After some reflection, you realize that you’re getting up later in the morning. Instead of getting up at five or six, you don’t really get going until 7.30 or 8, and sometimes later.
How can that be?
It’s because you’re staying up later the night before. Instead of going to bed by 10 pm, you’re staying up to watch television. Most nights, you’re not in bed, lights out, before midnight. So you’re getting just as much sleep as you normally would, but your schedule has shifted forward by a couple of hours.
Why do you do this?
It’s because you’ve persuaded yourself that you have the time because you don’t have to commute and hour and a half each way. And so that means that you have more time to relax.
What’s your one thing? What’s the one thing that will make you more productive during the day? It’s going to bed on time the night before.
And so in this example, your one thing is apparently unrelated to how much work you accomplish. The problem isn’t that you don’t work the hours. Instead, it’s that you start later.
You have to look for the one thing for your organization in exactly the same way.
Your one thing takes less time and money
The second thing is that your one thing may occupy fewer resources than all of the other things that you’ve pursued.
No doubt, you’ve heard of and may even be familiar with the 80/20 Principle. In a nutshell, 20% of your input will give you 80% of your output.
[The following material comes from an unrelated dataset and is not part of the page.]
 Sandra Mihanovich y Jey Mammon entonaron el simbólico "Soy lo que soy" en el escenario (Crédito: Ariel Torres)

The opposite is also true: You’ll expend 80% of your input in order to obtain the remaining 20% of your output.
There are two observations that need to be made in this respect.
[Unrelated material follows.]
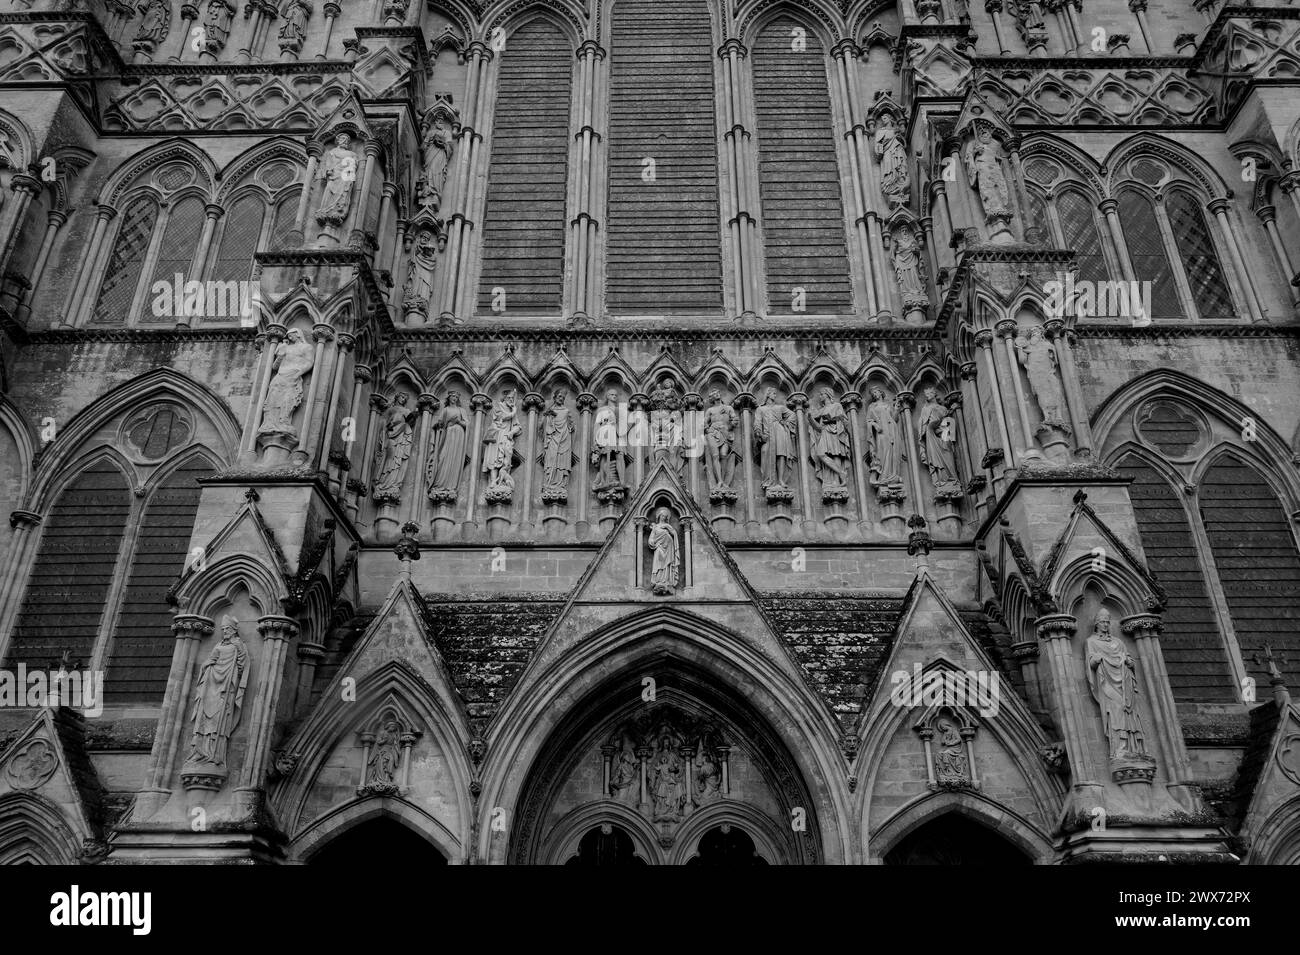 Schwarz-weiße Kathedrale von Salisbury, mittelalterliche gotische Architektur, West Door & Großbritanniens höchster Turm, Wiltshire, Großbritannien Stockfoto

The first is that the percentage differences may be even bigger than this. For example, there are likely to be times when 5% of your input will give you 95% of your output. To look at this another way, there will be occasions when 95% of your organizational headaches will come from just 5% of your clients or your staff. And so instead of spending all your effort trying to iron out all those issues, the simplest and most effective way to eliminate them is to fire them, whether they’re clients or employees. Not everyone is a good fit for everyone else, so why pretend that it is?
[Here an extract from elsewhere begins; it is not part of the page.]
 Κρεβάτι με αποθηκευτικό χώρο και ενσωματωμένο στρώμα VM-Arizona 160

The second observation is that there’s an 80/20 ratio inside of every other 80/20 ratio, and so the more you narrow down that ratio, the easier it will be to find your one thing.
A little basic multiplication will enable you to see its power.
If 80% of your results comes from 20% of your input, then 80% of 80% equals 64%, and 20% of 20% equals 4%. That means that you get 64% of your results from just 4% of your input.
Now let’s do it again.
Eighty-percent of 64% (0.8 x .64) equals 51.2%, and 20% of 4% is 0.8%.
Are you following this?
In just three iterations, you can now see that less than one percent of your input will give you more than half of your results! More than HALF.
These calculations alone should make it easier to see your ONE THING.
It’s not about balance
The third thing is that you must recognize that when you pursue just one thing, then you’re not setting out to achieve a balance.
Balance comes from putting a more or less equal effort into many things in the hope that you’ll get results that look the same way.
Blue and his team never would’ve been able to make LinkedIn into a success if they had tried to pursue many goals simultaneously. And neither can you.
There will always be a lot of thing that you can do. There may even be many things that you should do. But if you don’t find that one thing that you must do - that one thing upon which everything else becomes easier or unnecessary - then you’ll spend at least 80% of your time and other resources trying to achieve only 20% of your results.
That’s the flip-side of the 80/20 Principle. With just three iterations, you now know that less than 1% of your efforts will give you 51% of your results; but you also know that that means that 99% of your efforts will only give you 49% of your results.
Can you see the power of discovering your one thing?
If you do nothing else, then you must find out what is the one thing such that by doing it everything else becomes easier or unnecessary.
When you do that, then you must devote all of your efforts and resources to it, because when you do, you’ll get bigger and better results than you ever imagined.